His avant-garde trends in the kitchen and cocktails, as well as, his emphasis on cocina silvestre (the wild kitchen), have earned him accolades in his native country and around the world. The concept behind cocina silvestre is simple, everything the chef grows is used to prepare his dishes. Nothing is spared, giving way to the discovery of new textures, aromas and flavors. After working as a chef in various restaurants in Colombia, he now has a catering company called 5 Sentidos that specializes in fine dining events.
Puerto Rico Eats was lucky enough to attend one of the two events open to the public, which consisted a master class at El Atelier in Cocina Abierta on food and cocktail pairings. The cocktails featured during the event were prepared Joey Fernández, Nonna’s barman and winner of the second round of the World Class competition in Puerto Rico.

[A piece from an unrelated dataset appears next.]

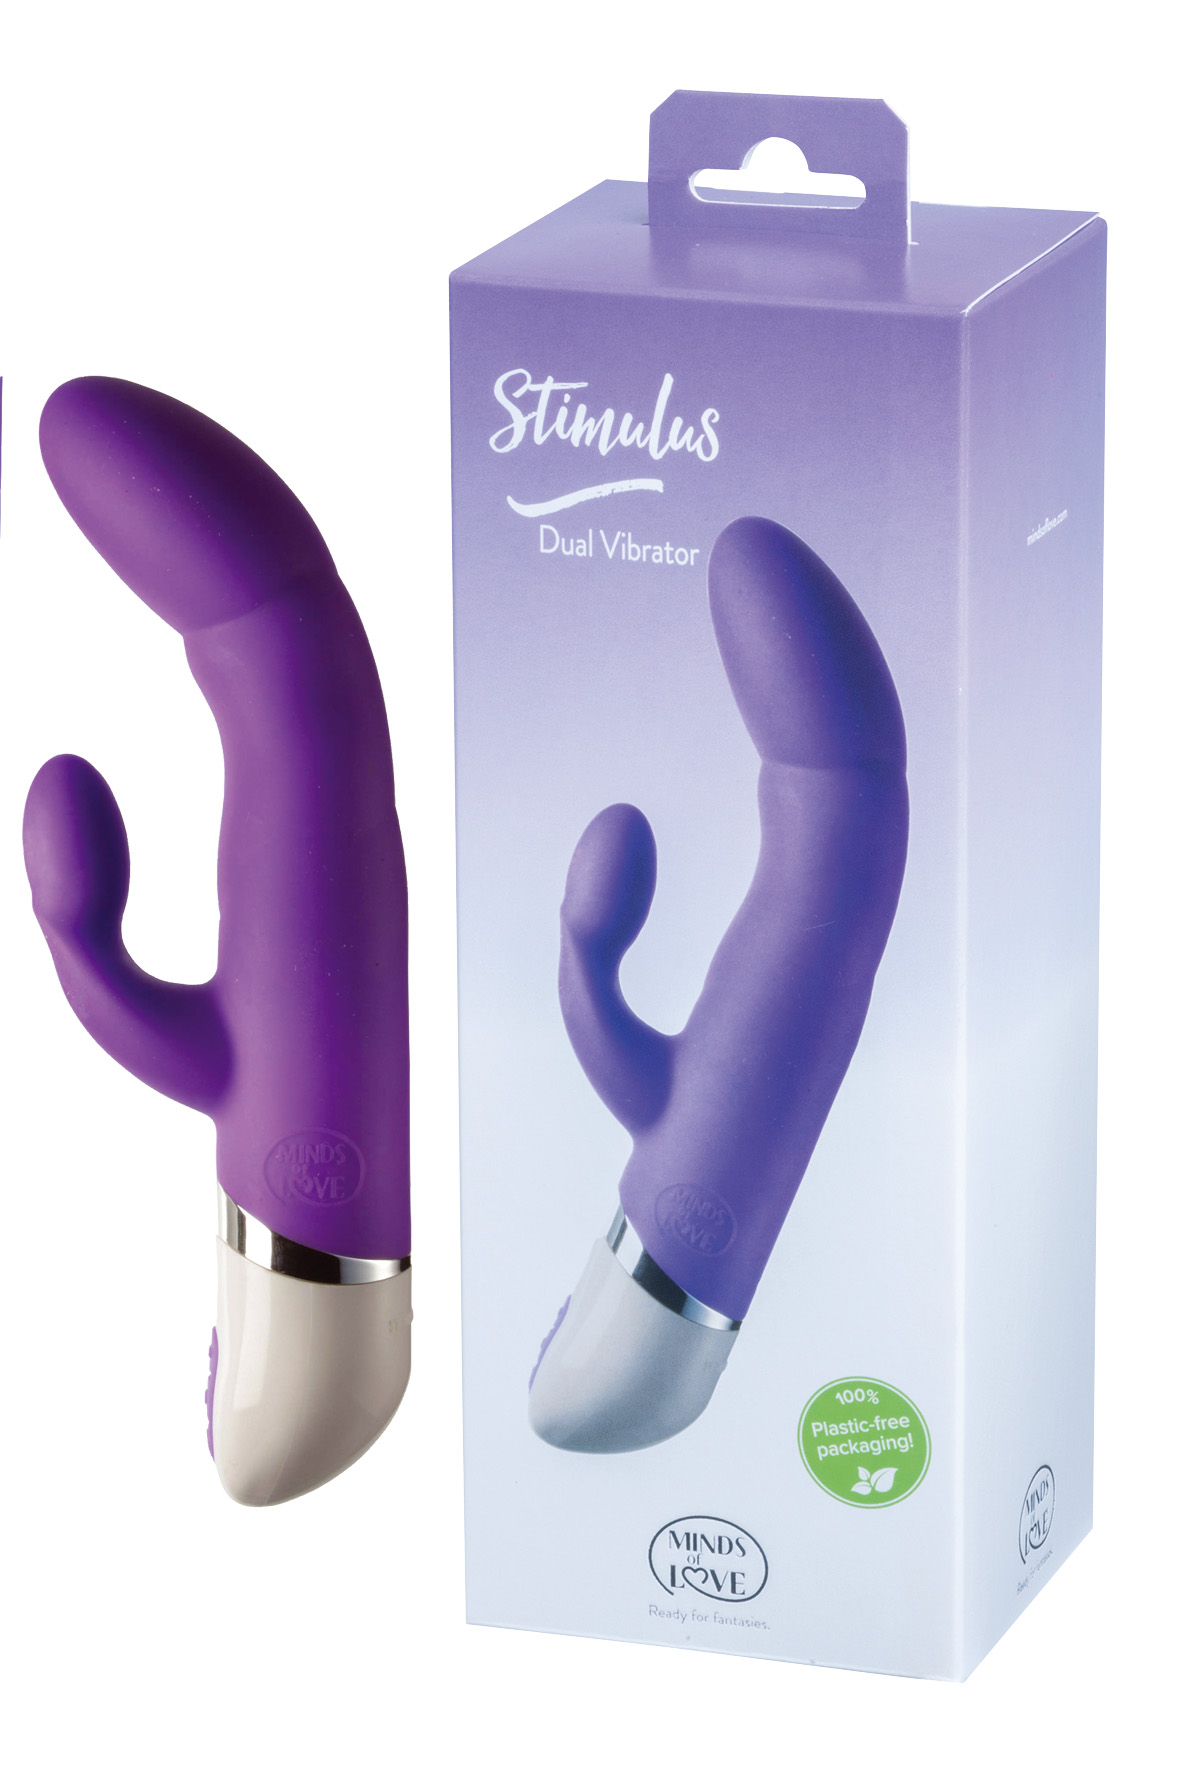 MINDS of LOVE Stimulus Dual Vibrator purple

Our first course was a beet carpaccio with hints of mint, pineapple, tangerine, apples, pistachio, feta cheese, and a Zacapa 23 and balsamic vinaigrette reduction. I have to admit, beets are not something I would usually order, but the flavor profiles and textures in this dish were off the charts. It was paired with the Cosa Nostra cocktail, a deliciously sweet concoction featuring Zacapa 23, beet Shrub, Velvet Falernum (a liqueur from Barbados), and a ginger simple syrup.
Up next was the snapper fish over a mussel, laurel, and thyme broth, blanched asparagus and zucchini rolls. The tender fish, the light broth, and the crispiness of all the greens provided a perfect bit everytime. It was paired with the Pico Sublime Cocktail, a refreshing drink featuring Zacapa 23 rum, cucumber shrub, lime juice, and simple syrup.
For our third dish, Cocina Abierta’s own chef Cesar Perez wowed the crowd with his mouthwatering duck breast with zacapa Rum and coriander seed glaze and a pea puree. This dish was a showstopper! Beautifully tender meat and savory flavors all around. It was paired with our favorite cocktail of the night: the Apium Esposito.
The sweet finish came in the form of a glorious Nutella sponge cake, a Chocolate Rum Macaroon and a Chocolate Pot Du Crème. We usually opt out of dessert, but this baby was out of this world.